The treaty is a last desperate attempt by the government to meet the concerns of the Supreme Court which felt there were insufficient protections in place. It was signed with a huge fanfare by James Cleverly, the Home Secretary, and the Rwandan Foreign Minister, Dr. Vincent Biruta, in Kigali, Rwanda, on 5th December 2023.

It followed an earlier memorandum of understanding signed in April 2022. The Government hopes to send people who arrive here, through so called illegal and dangerous routes, to Rwanda. Their asylum claims will then be processed in that country. If successful, they will be allowed to stay in Rwanda. They will not be allowed to return to the UK.

The Home Office says the assurances in the newly drafted treaty are clear. People relocated to Rwanda are not at risk of being returned to a country where their life or freedom would be threatened if their asylum claims are turned down.
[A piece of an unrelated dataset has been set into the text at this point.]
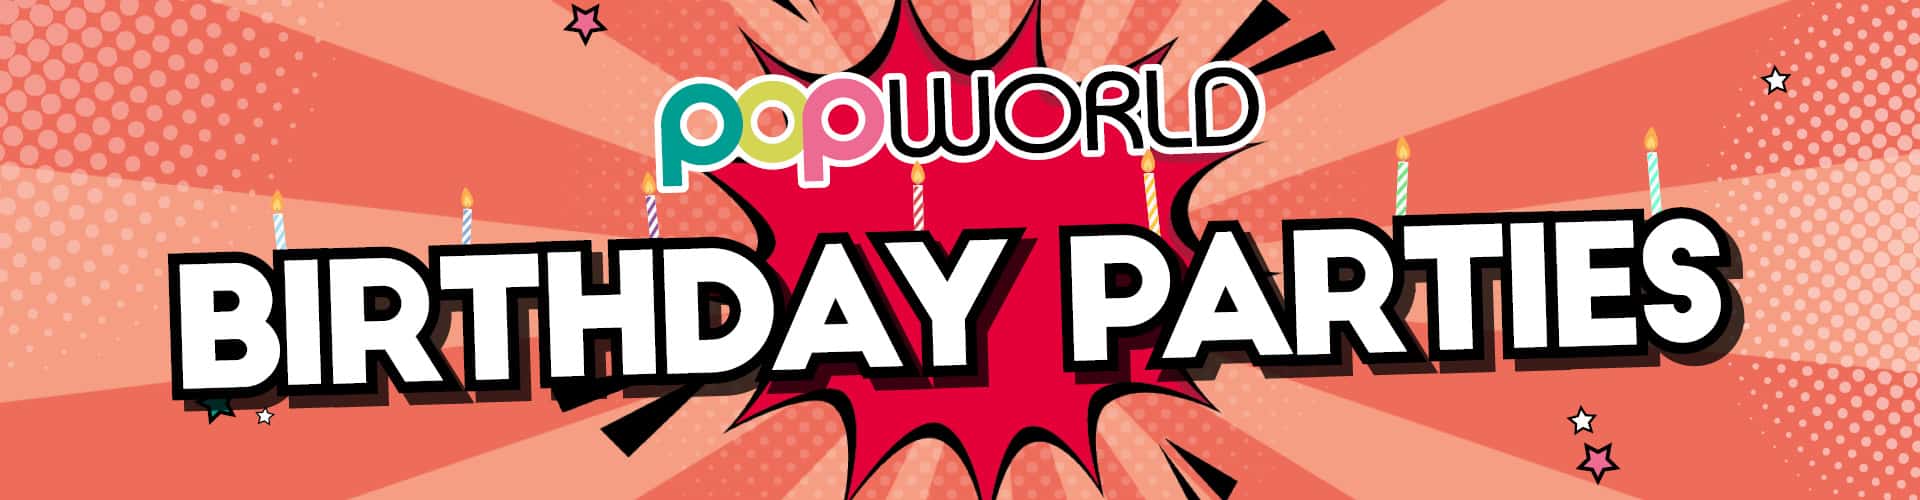 Celebrate your Birthday at Popworld Leeds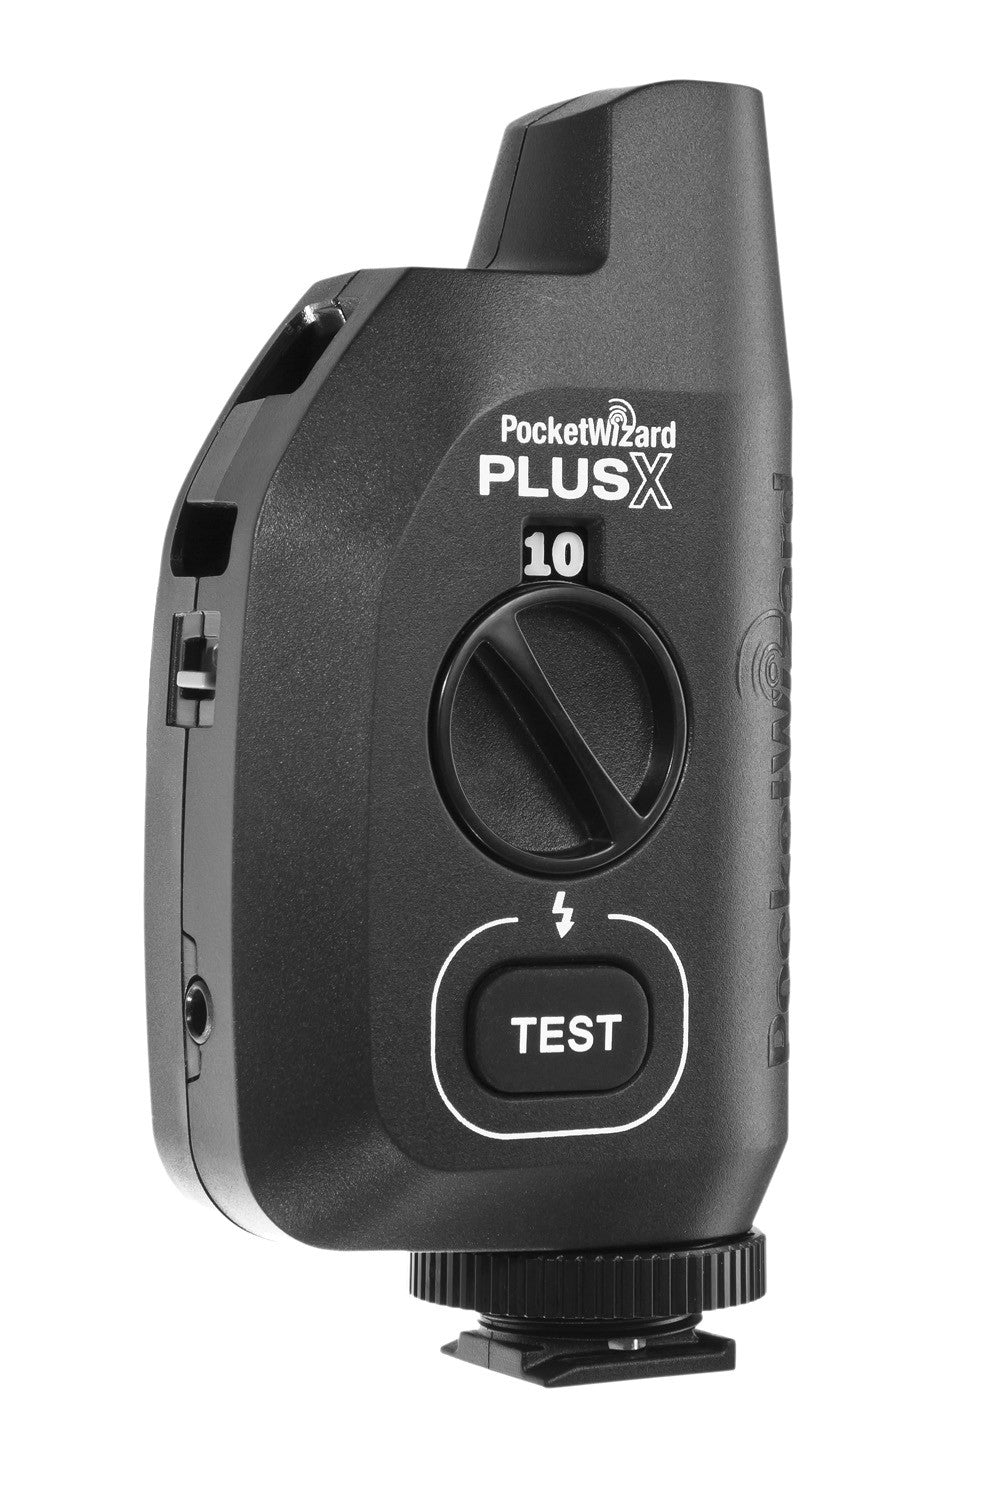 Pocket Wizard Plus X Transceiver, lighting wireless triggering, Pocket Wizard - Pictureline  - 1

However, the vote of 214 to 171 was influenced by a report published by the House of Lords International Agreements Committee (IAC) who are not convinced by the protections offered in the treaty. The conclusions are clear: “The government should not ratify the treaty until Parliament is satisfied that the protections it provides have been fully implemented.” 

This is thought to be the first time the Lords has voted against the ratification of a treaty. It also represents a significant moment in the ongoing debate over the Safety of Rwanda Bill and its implications for asylum and immigration policy in the UK.

Along with the Supreme Court rulings, legal analysis, published by the United Nations Refugee Agency (UNHCR) on Monday is clear that the transfer of asylum seekers under the UK’s new Rwanda arrangement violates international law. It stresses that the deal is an attempt by the UK to transfer its international obligations of protecting refugees and asylum seekers.

At the same time, asylum seekers feel that their views on the scheme have been ignored and that they are being used as a political football by politicians.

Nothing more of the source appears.